1.12.4 The Software Engineering of Mathematica
Mathematica is one of the more complex software systems ever constructed. Its source code is written in a combination of C and Mathematica, and for Version 5, the code for the kernel consists of about 1.5 million lines of C and 150,000 lines of Mathematica. This corresponds to roughly 50 megabytes of data, or some 50,000 printed pages.
The C code in Mathematica is actually written in a custom extension of C which supports certain memory management and object-oriented features. The Mathematica code is optimized using Share and DumpSave.
In the Mathematica kernel the breakdown of different parts of the code is roughly as follows: language and system: 30%; numerical computation: 25%; algebraic computation: 25%; graphics and kernel output: 20%.
Most of this code is fairly dense and algorithmic: those parts that are in effect simple procedures or tables use minimal code since they tend to be written at a higher level—often directly in Mathematica.
The source code for the kernel, save a fraction of a percent, is identical for all computer systems on which Mathematica runs.
For the front end, however, a significant amount of specialized code is needed to support each different type of user interface environment. The front end contains about 650,000 lines of system-independent C source code, of which roughly 150,000 lines are concerned with expression formatting. Then there are between 50,000 and 100,000 lines of specific code customized for each user interface environment.
Mathematica uses a client-server model of computing.

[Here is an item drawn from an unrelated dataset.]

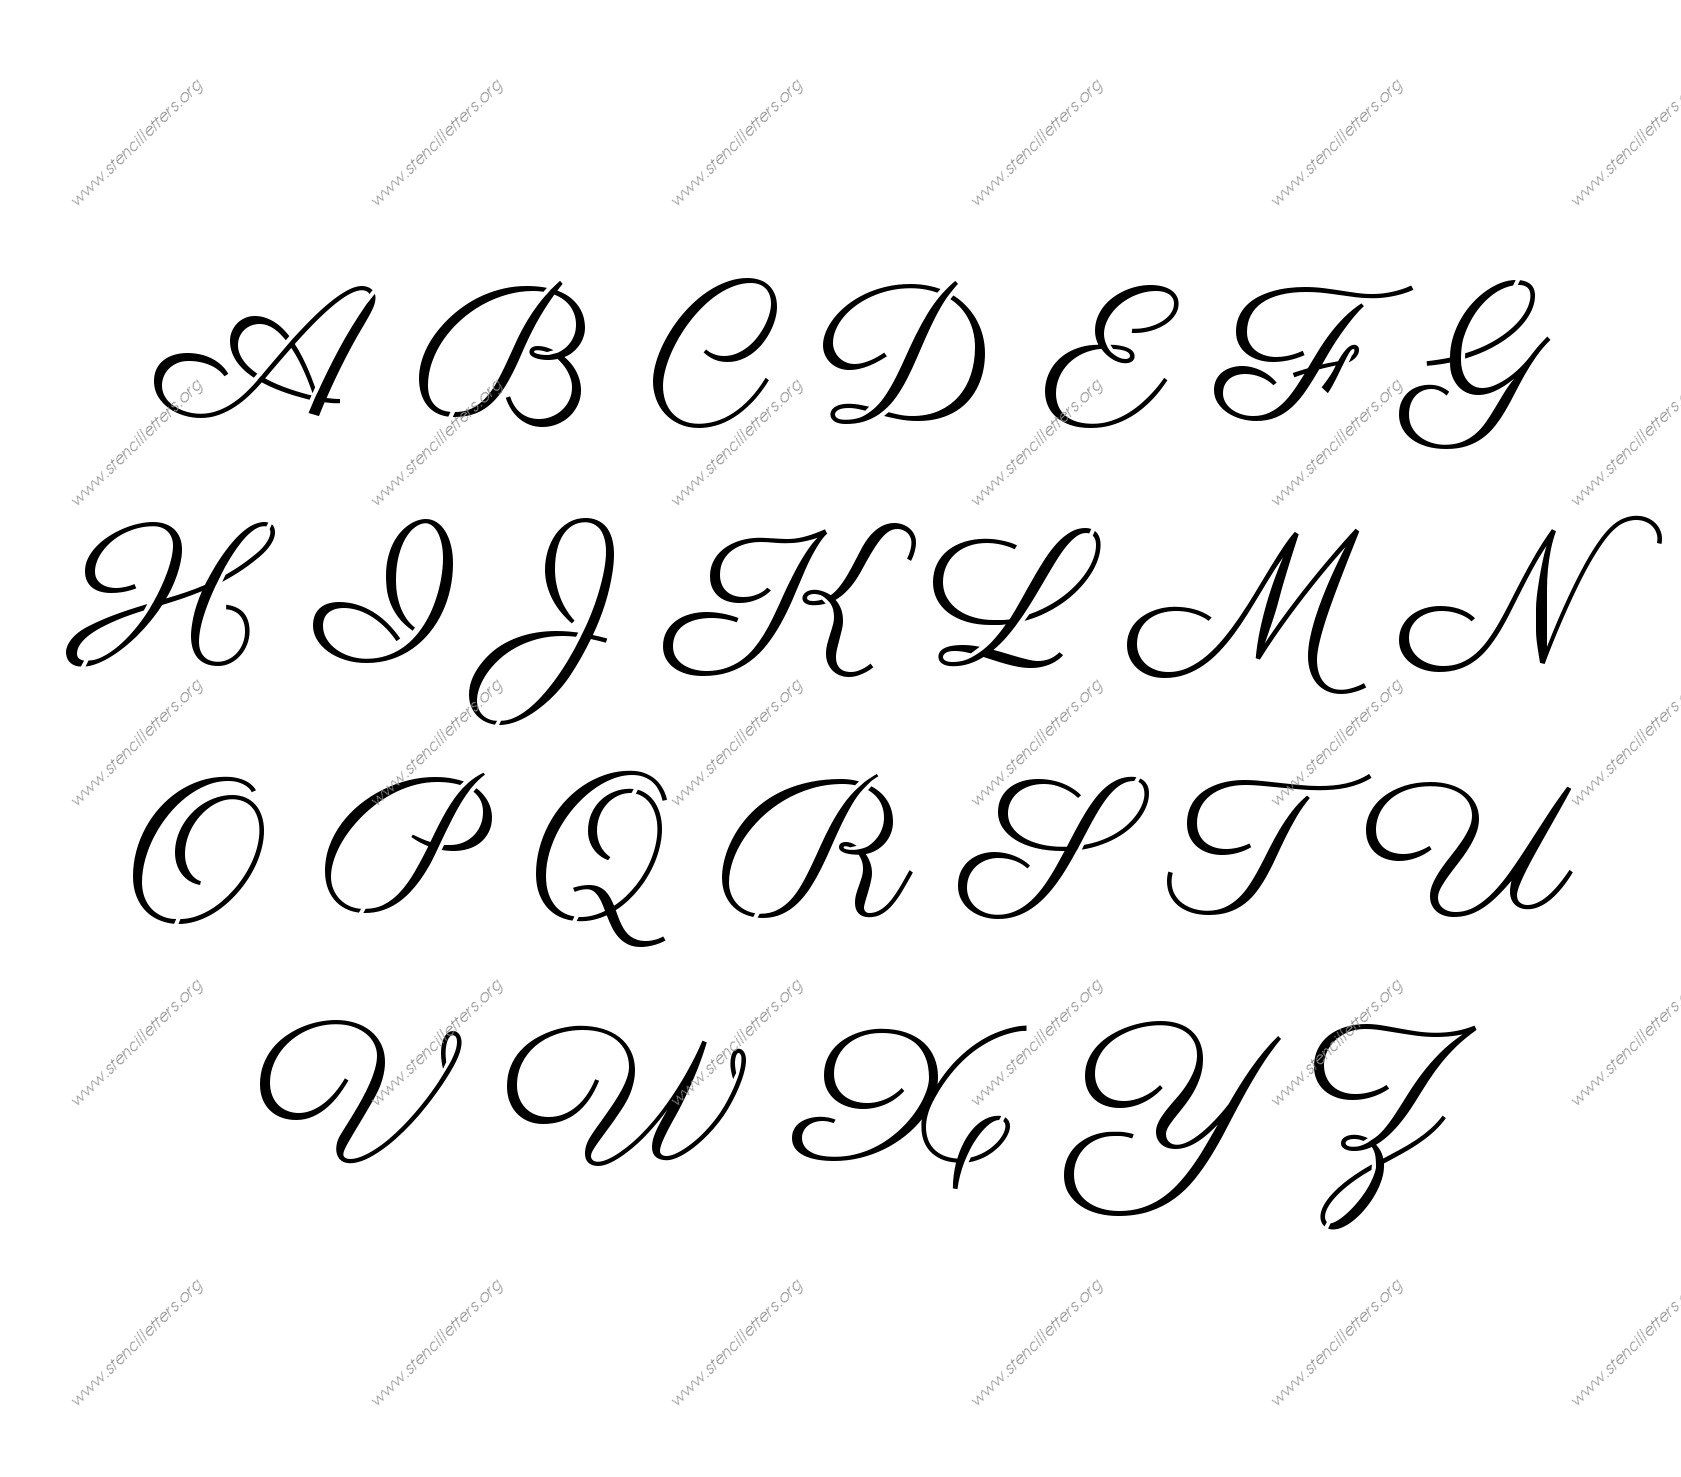 Free Printable Alphabet Stencil Letters Template | Art & Crafts - Free Printable Alphabet Stencils

The front end and kernel are connected via MathLink—the same system as is used to communicate with other programs.
Within the C code portion of the Mathematica kernel, modularity and consistency are achieved by having different parts communicate primarily by exchanging complete Mathematica expressions.
But it should be noted that even though different parts of the system are quite independent at the level of source code, they have many algorithmic interdependencies. Thus, for example, it is common for numerical functions to make extensive use of algebraic algorithms, or for graphics code to use fairly advanced mathematical algorithms embodied in quite different Mathematica functions.
Since the beginning of its development in 1986, the effort spent directly on creating the source code for Mathematica is a substantial fraction of a thousand man-years. In addition, a comparable or somewhat larger effort has been spent on testing and verification.
The source code of Mathematica has changed greatly since Version 1 was released. The total number of lines of code in the kernel grew from 150,000 in Version 1 to 350,000 in Version 2, 600,000 in Version 3, 800,000 in Version 4 and about 1.5 million in Version 5. In addition, at every stage existing code has been revised—so that Version 5 has only a few percent of its code in common with Version 1.
Despite these changes in internal code, however, the user-level design of Mathematica has remained compatible from Version 1 on. Much functionality has been added, but programs created for Mathematica Version 1 will almost always run absolutely unchanged under Version 5.